The chapter-house has disappeared. The vestry was built in 1200 15; and contains a figured green velvet cope of the 15th century, and some other ancient vestments.The deanery was built in the 13th century, and was originally the refectory. The infirmary chapel, on the further side of the deanery garden, was built a little earlier than the west front of the cathedral. The priory chapel was built in 1321-41; has undergone restoration; and possesses a very curious pavement, with representation of the fall of Adam. Most part of the cloisters was destroyed in 1650; but the north-east angle of them still exists, and has very fine Norman doors. The bishop's palace was built by Bishops Alcock and Goodrich, and much improved by the recent Bishop Keene; is a very neat brick structure; and has a gallery, 100 feet long, containing a picture of the time of Henry VII., representing forty knights whom William the Conqueror quartered on the abbey.

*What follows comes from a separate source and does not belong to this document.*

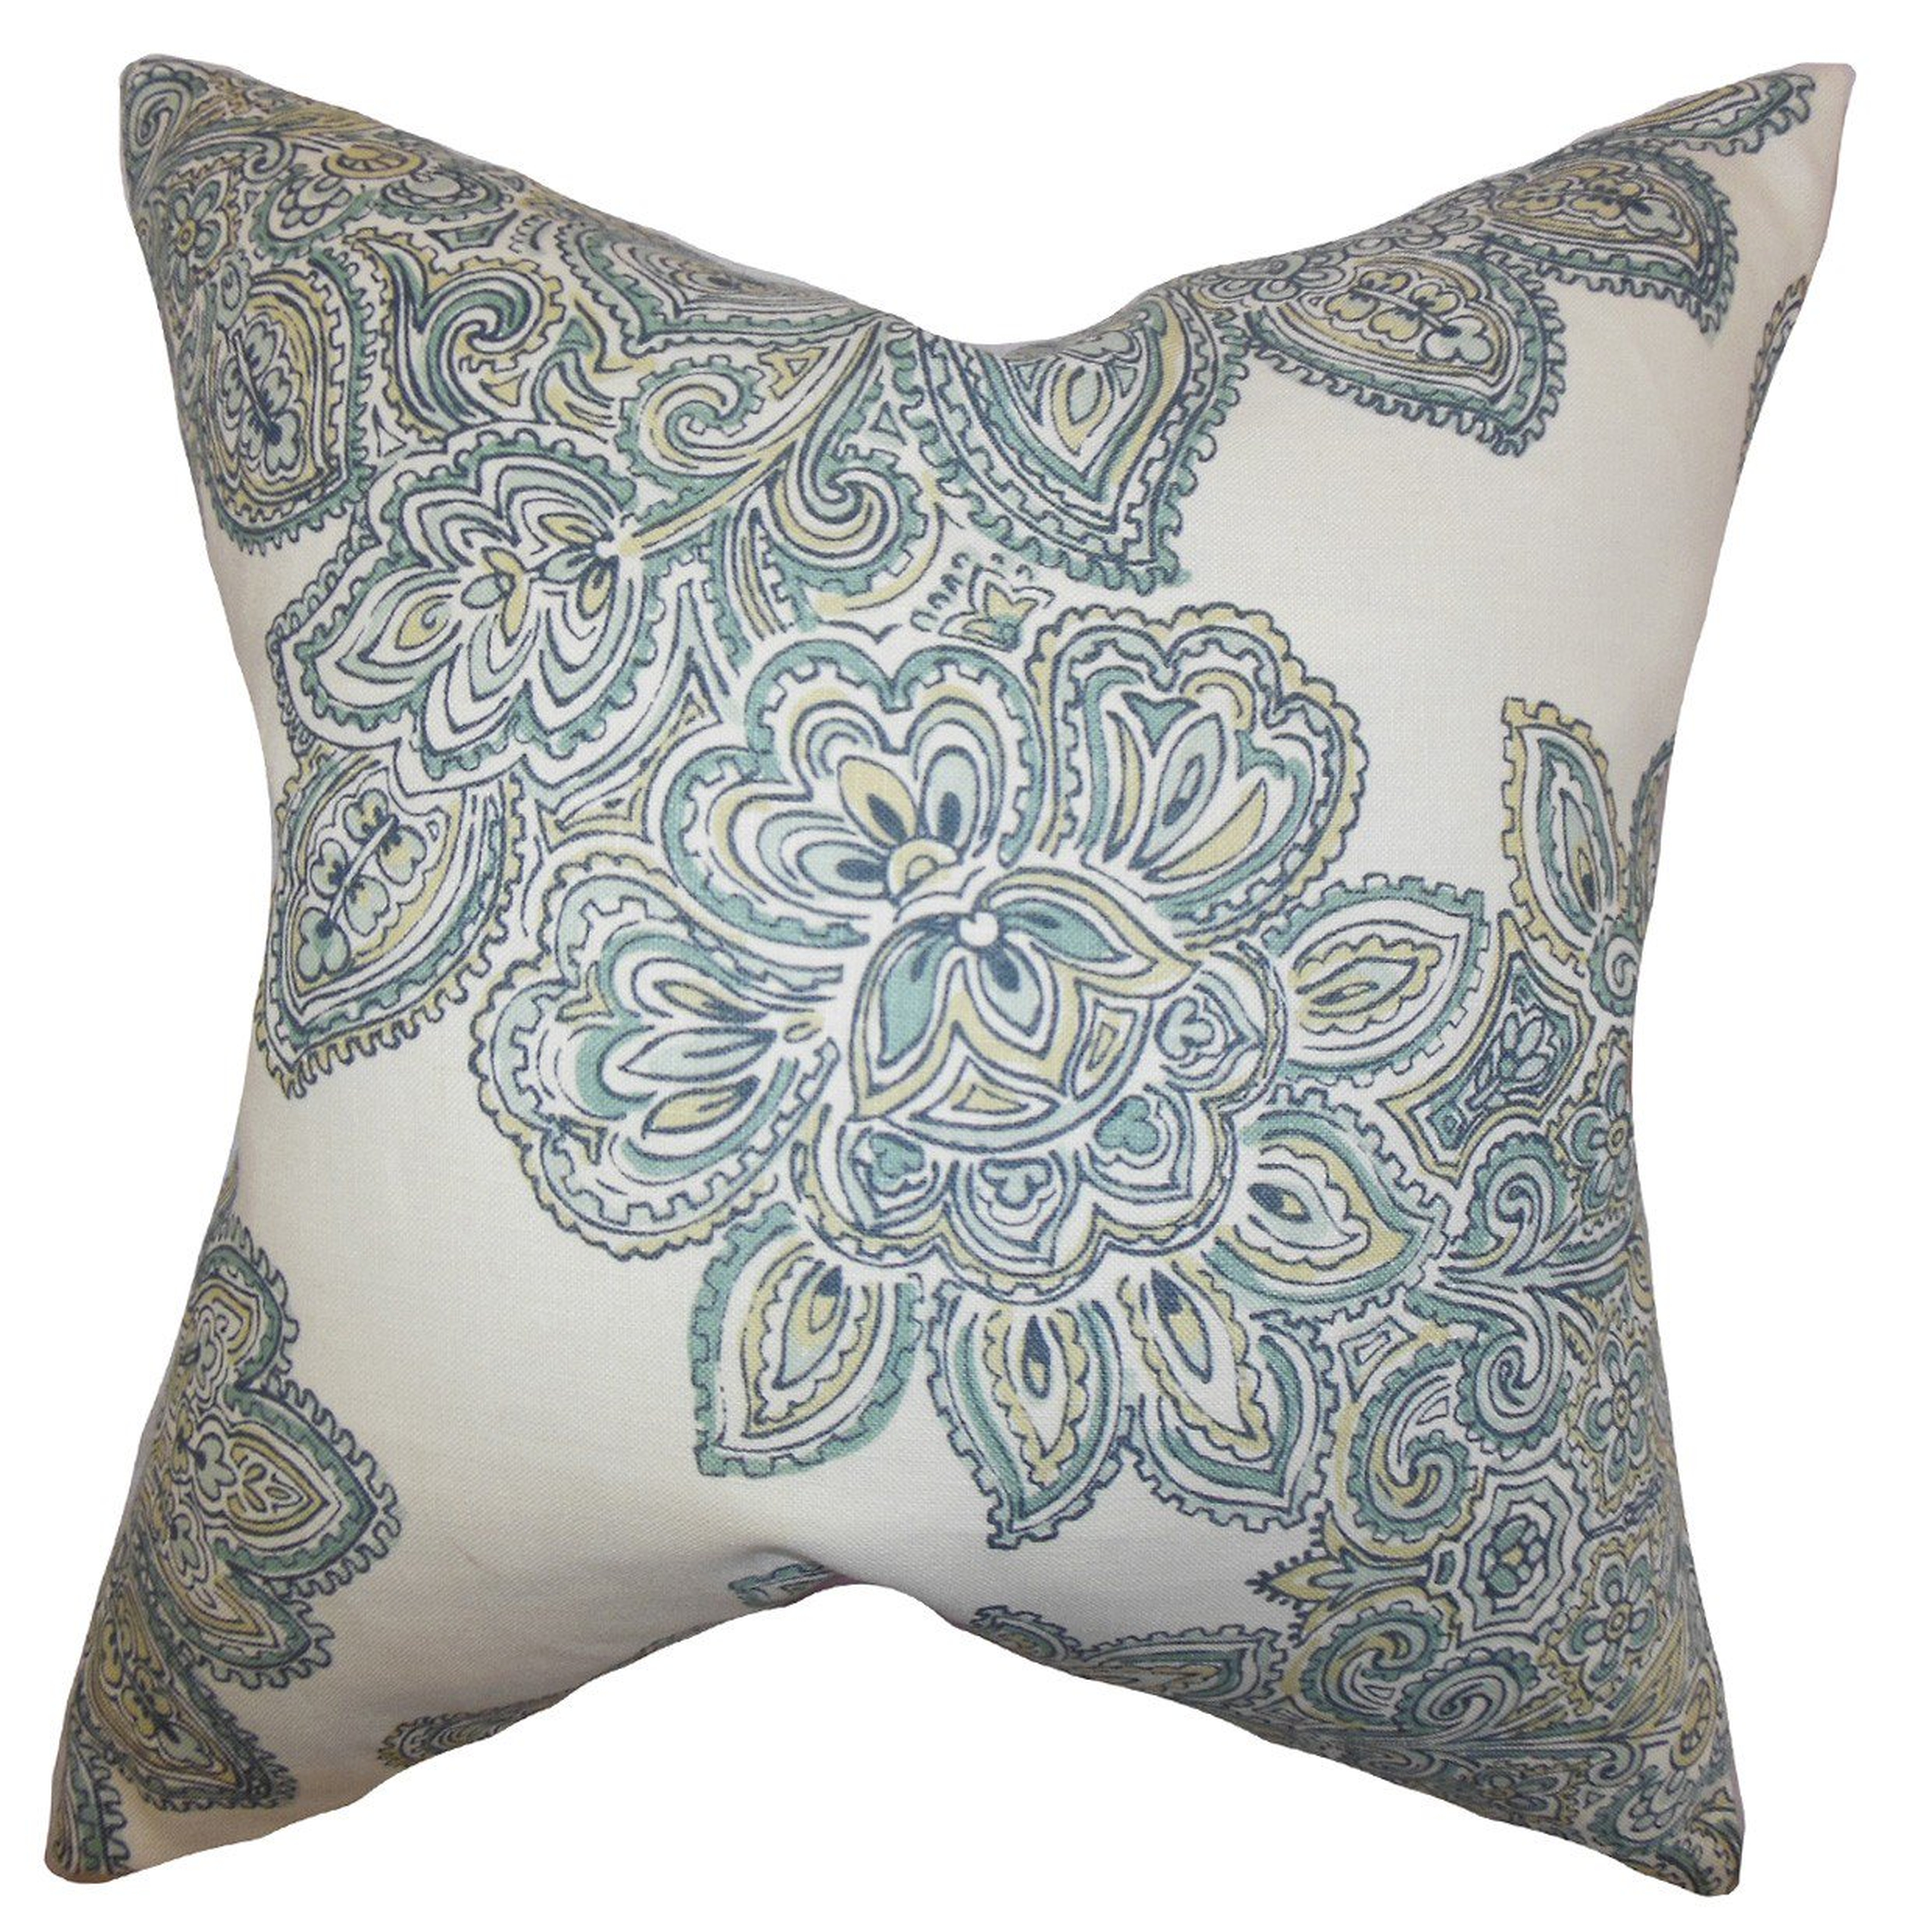 Haldis Floral Pillow Sea Green- 18" x 18" - Poly insert - Linen & Seam
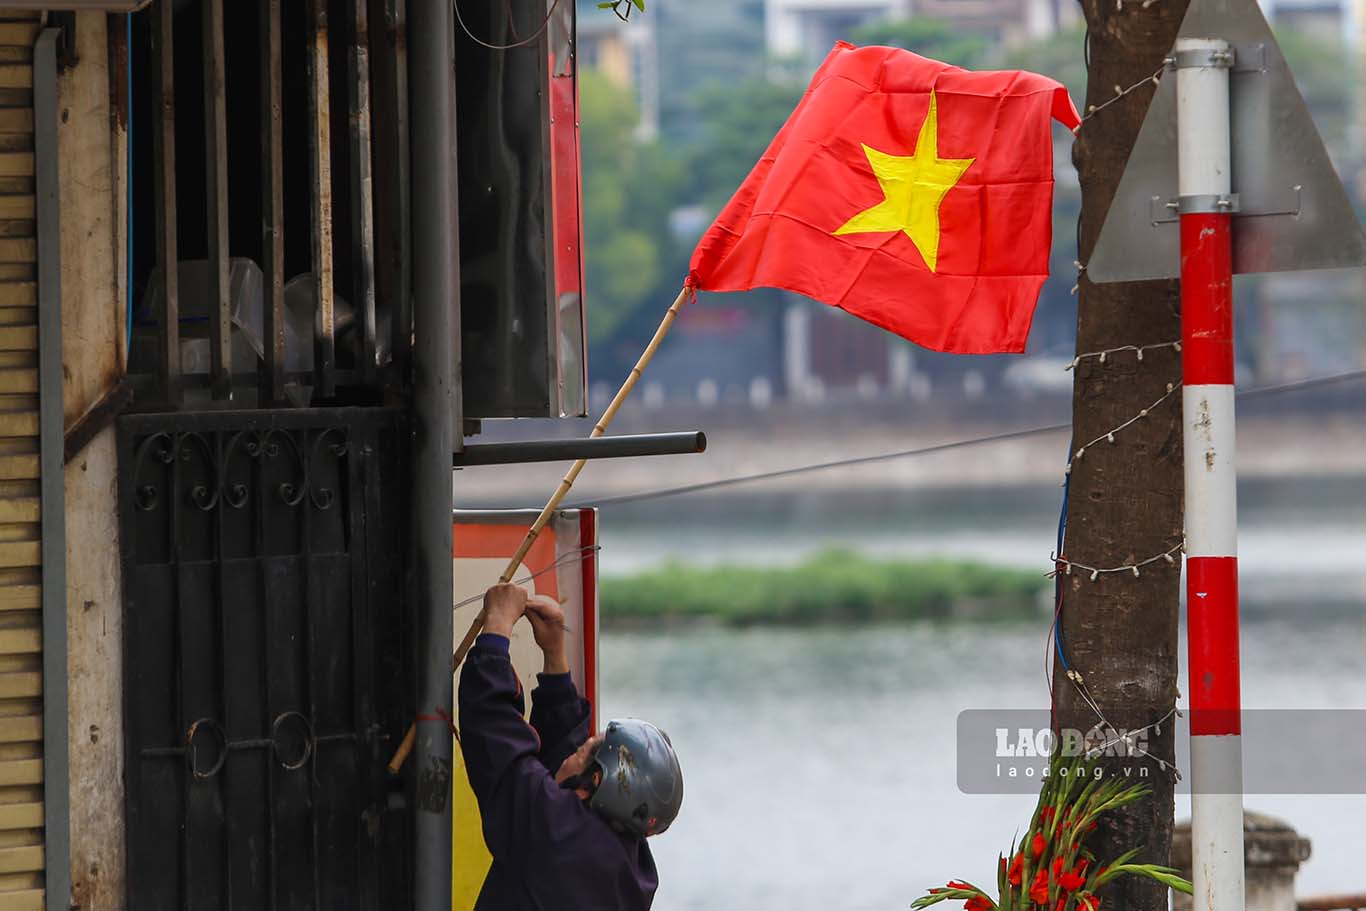 Treo cờ Tổ quốc trở thành một nét đẹp của người dân Việt Nam. Nhìn cờ Tổ quốc xuất hiện khắp nơi càng khiến không khí Tết trở nên vui tươi, phấn khởi hơn.

Parishes.The parishes of Ely are Trinity and St. Mary; and there is also an extra-parochial place called Ely College. Trinity parish includes Stuntney chapelry, part of Witcham-Gravel hamlet, and part of Ely. Westmoor fen; and St. Mary parish includes Chettisham chapelry and the rest of E-westmoor fen. Acres of the two parishes, the extra-parochial tract, the hamlet, and the fen, 16, 507. Real property of Trinity, £36, 881; of which £350 are in gas-works. Real property of St. Mary, £21, 705. Pop. of Trinity, with Witcham-Gravel and Ely-Westmoor, 5, 185. Houses, 1, 078. Pop. of St. Mary, exclusive of its part of Ely-Westmoor, 2, 696. Houses, 587. Pop. of Ely College, 101. Houses, 12. Pop. of Ely-Westmoor, 40. Houses, 8. Pop. of Witcham-Gravel, which is partly in Witcham parish, 23. Houses, 6. There are two manors, -Ely-Barton and Ely-Porta; the former belonging to the bishop, the latter to the dean and chapter. The livings of Trinity and St. Mary are vicarages in the dio. of Ely. Value of T., £300; of St. M., £150. Patrons of each, the Dean and Chapter. Trinity church is the Lady chapel of the cathedral; and St. Mary church has a nave with round columns, an early English chancel and chapel, and a good tower and spire. The p. curacies of Chettisham and Stuntney are separate benefices. There are chapels for Independents, Lady Huntingdon's Connexion, Baptists, Wesleyans, and Primitive Methodists.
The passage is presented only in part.